* **Exercise**
As the answer, give exactly the lines of the records below from the one with "Grateful Dead 1993 12-12 Backstage Pass" through the one with "Report highlights traffic", ends included and pictures left out.

START Records for the exercise

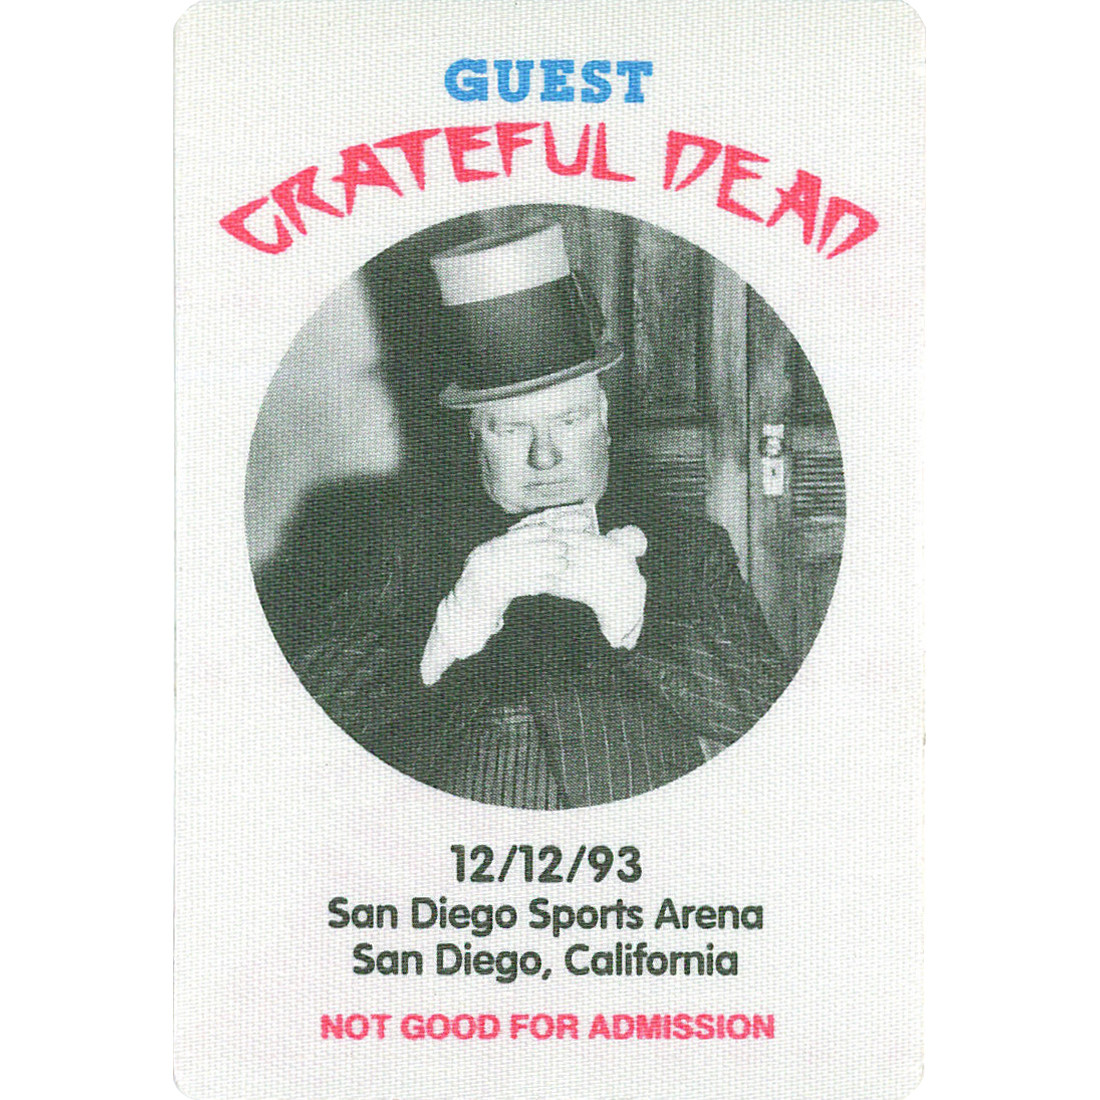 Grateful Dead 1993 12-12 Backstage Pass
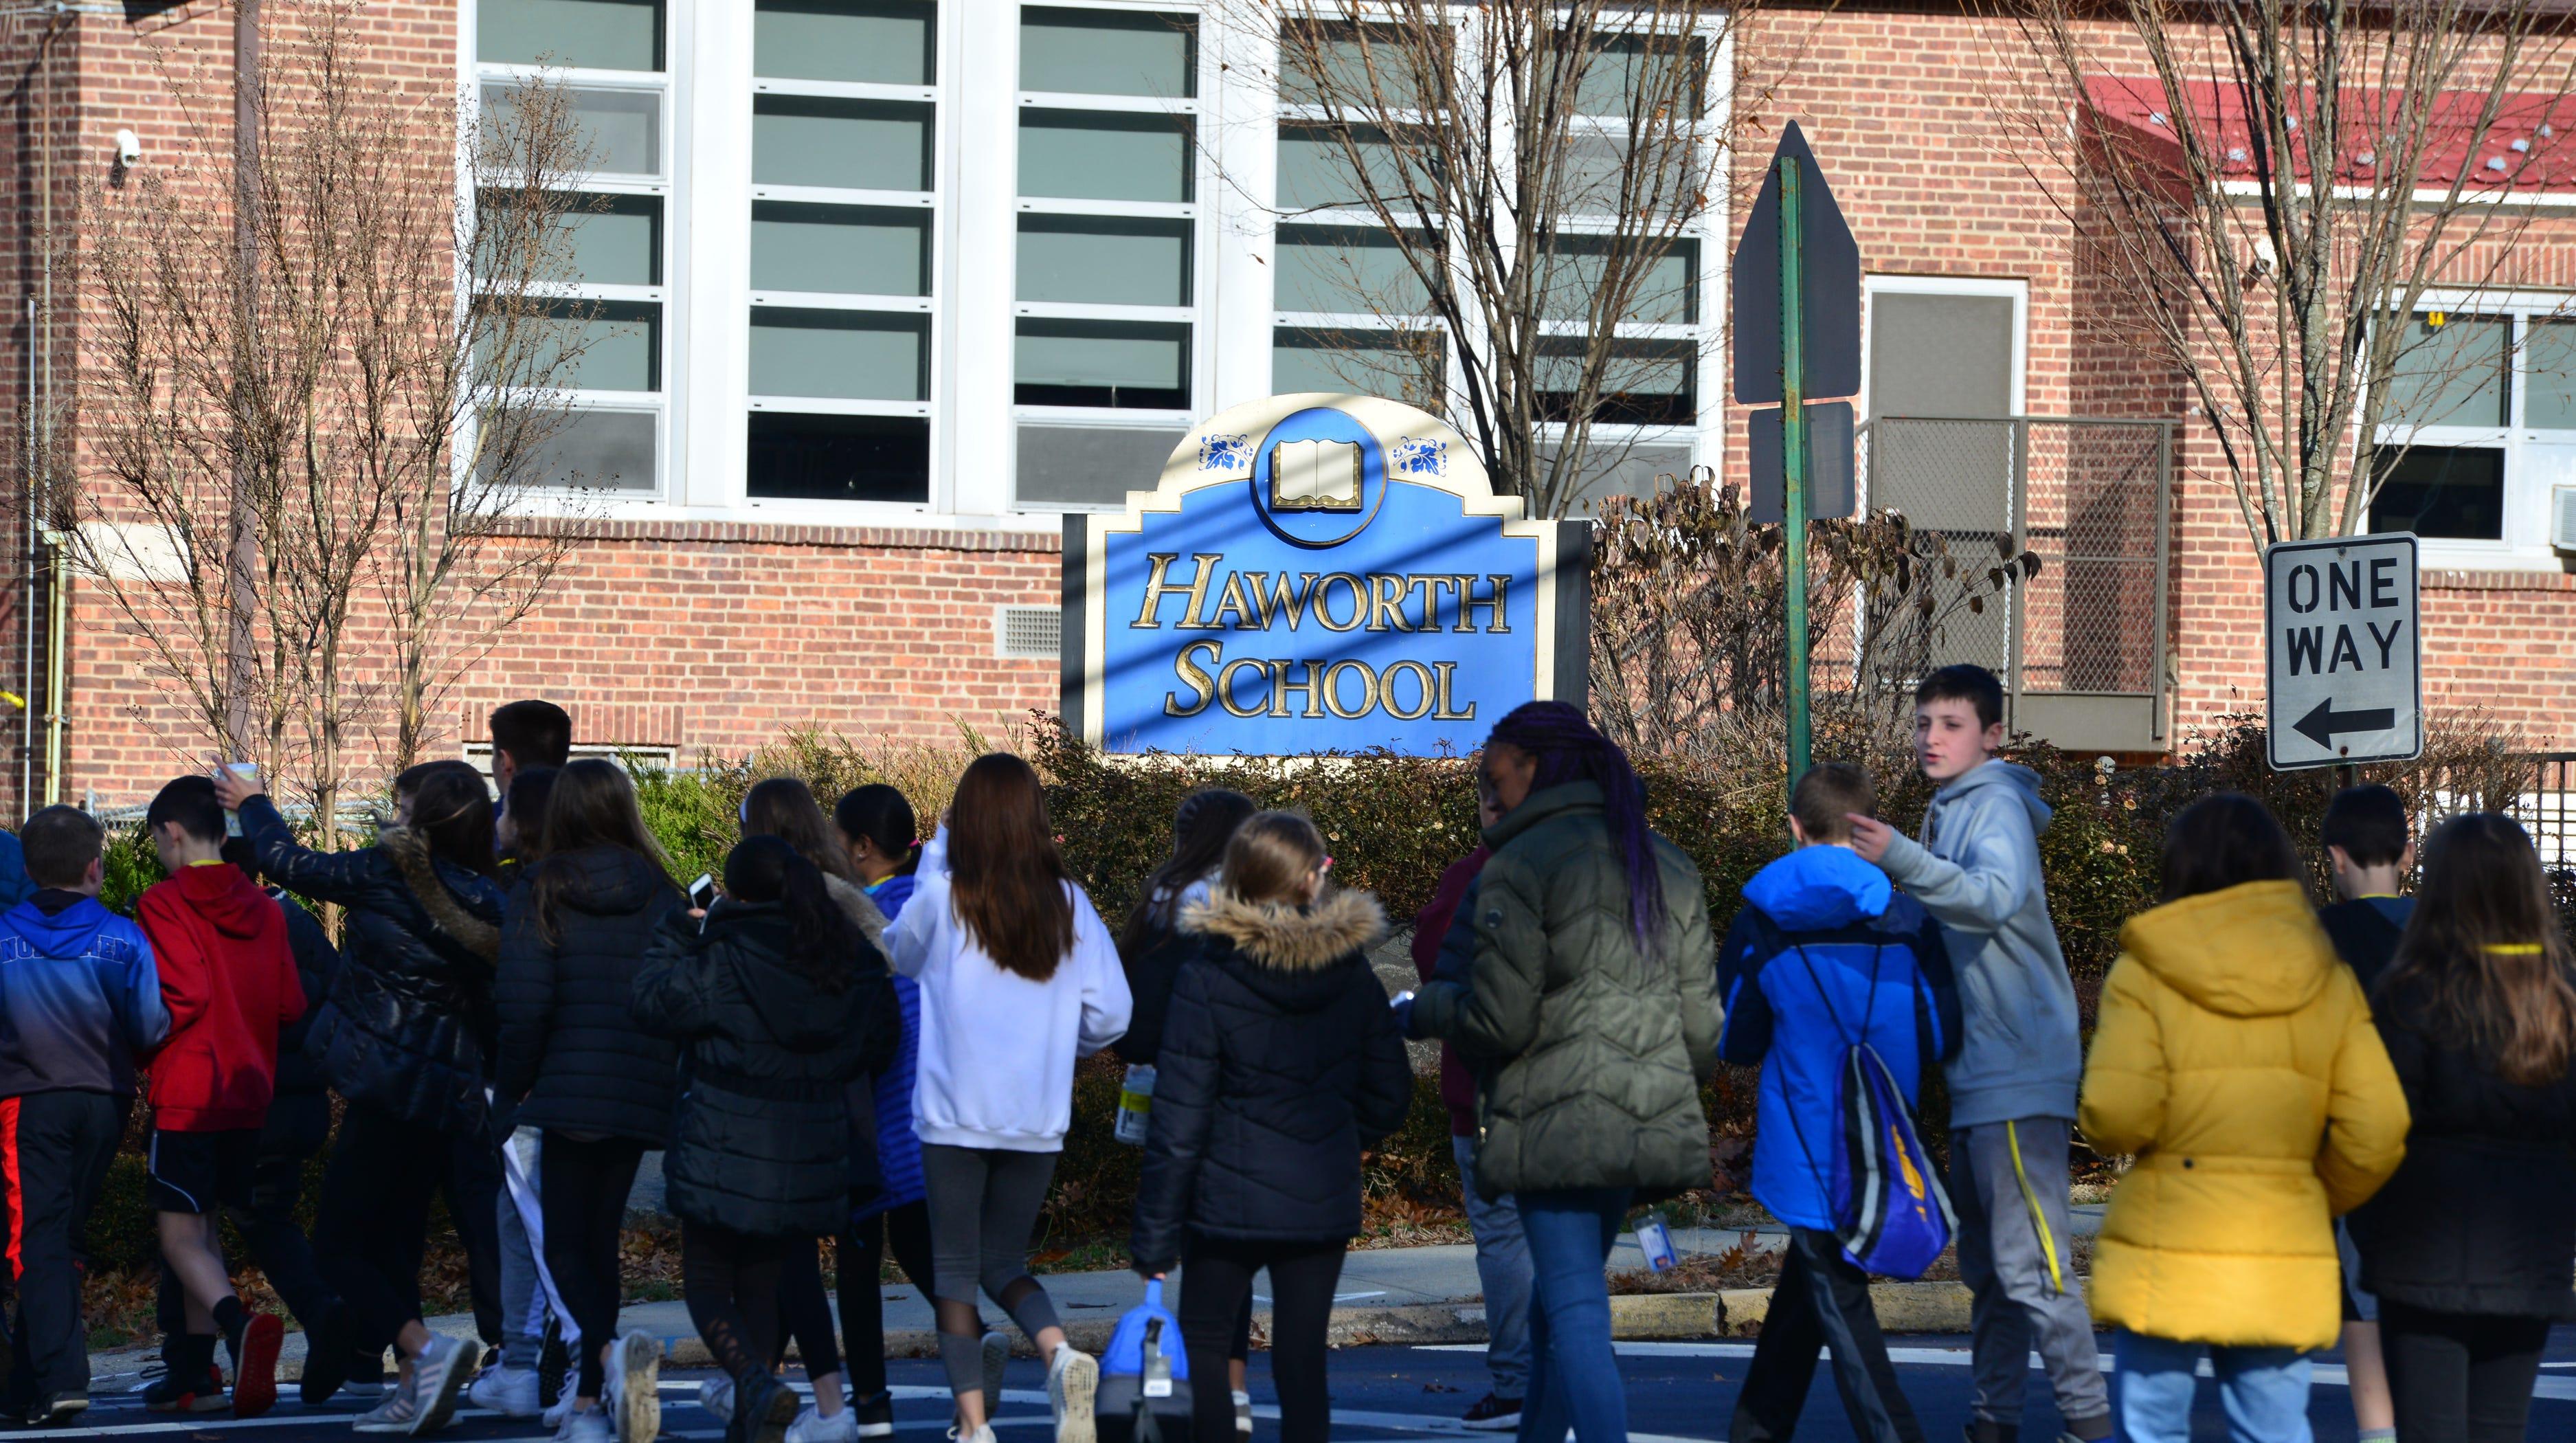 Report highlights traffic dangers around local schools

END Records for the exercise
START Records for the exercise

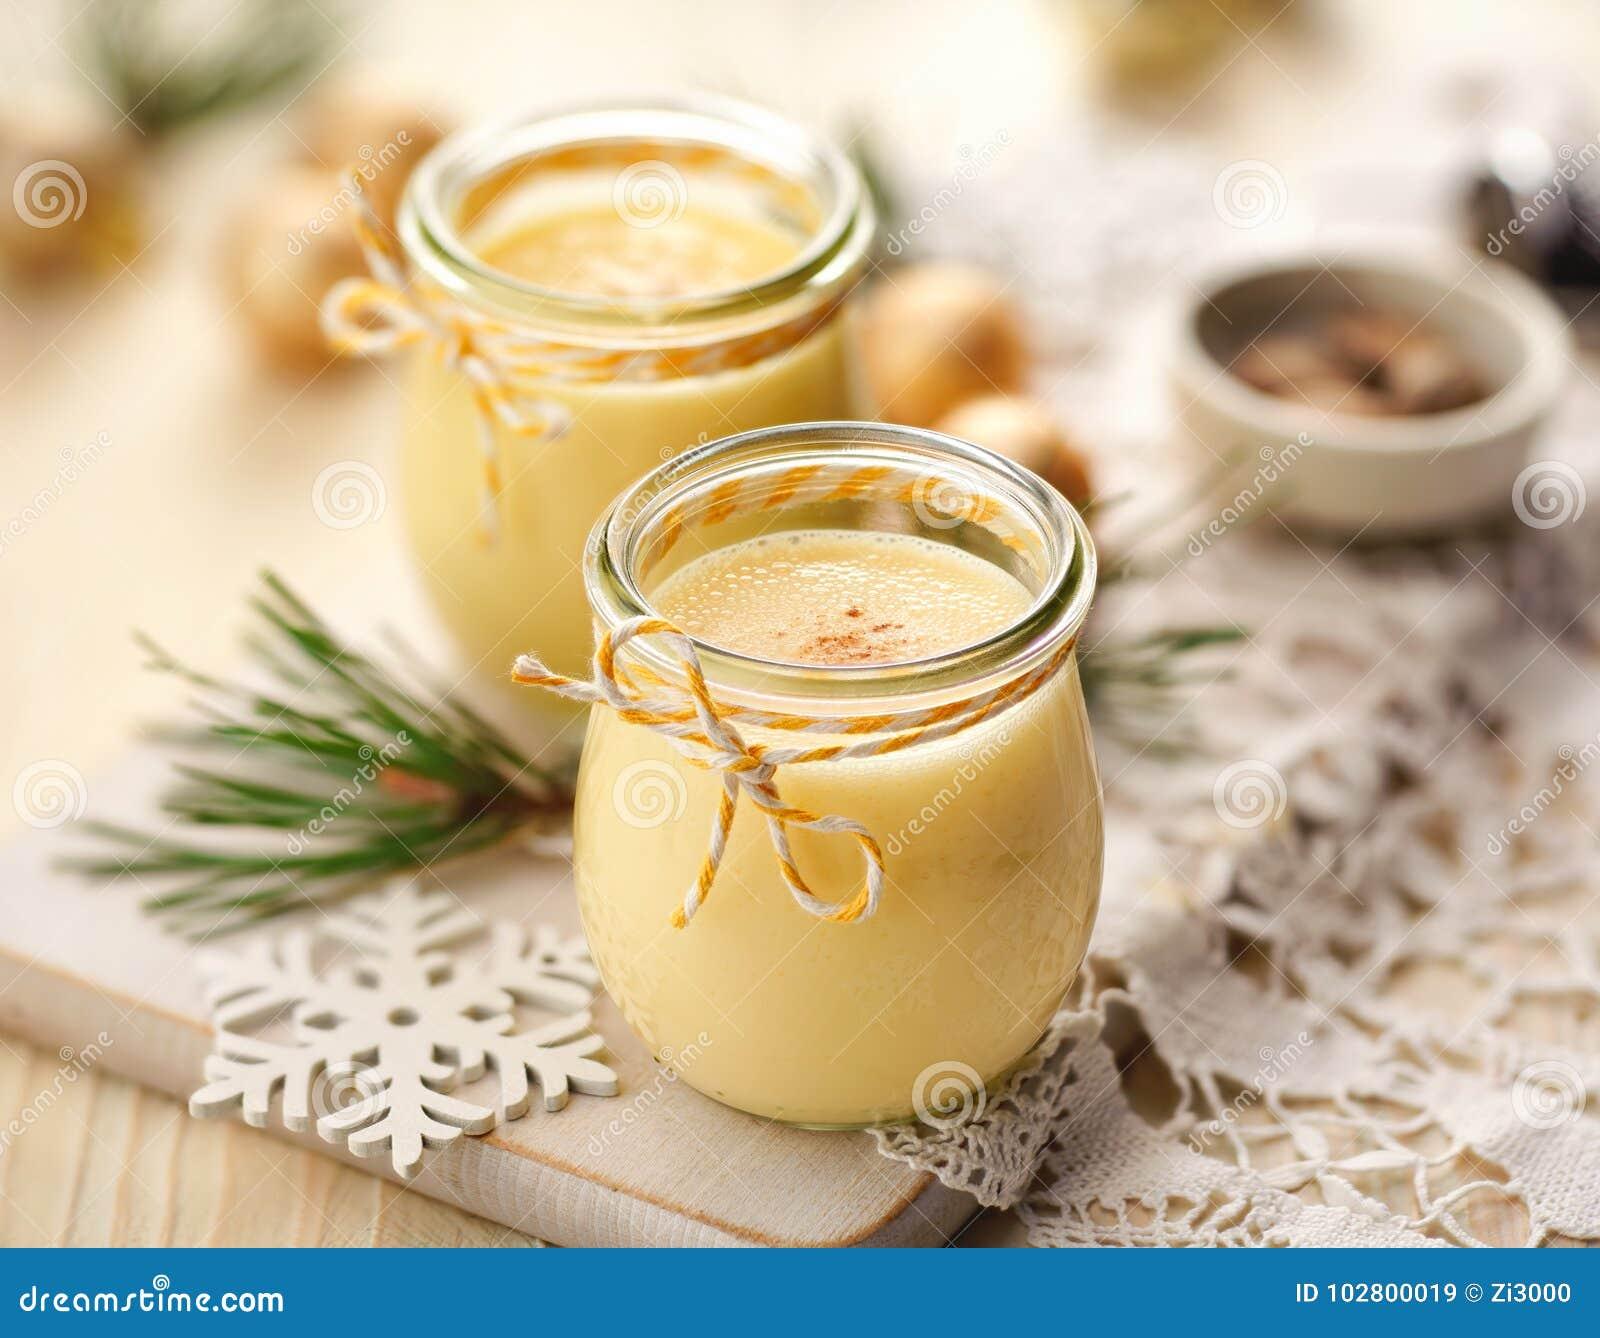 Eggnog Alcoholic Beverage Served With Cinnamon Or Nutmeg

END Records for the exercise

* **Exercise result**
 Grateful Dead 1993 12-12 Backstage Pass
 Report highlights traffic dangers around local schools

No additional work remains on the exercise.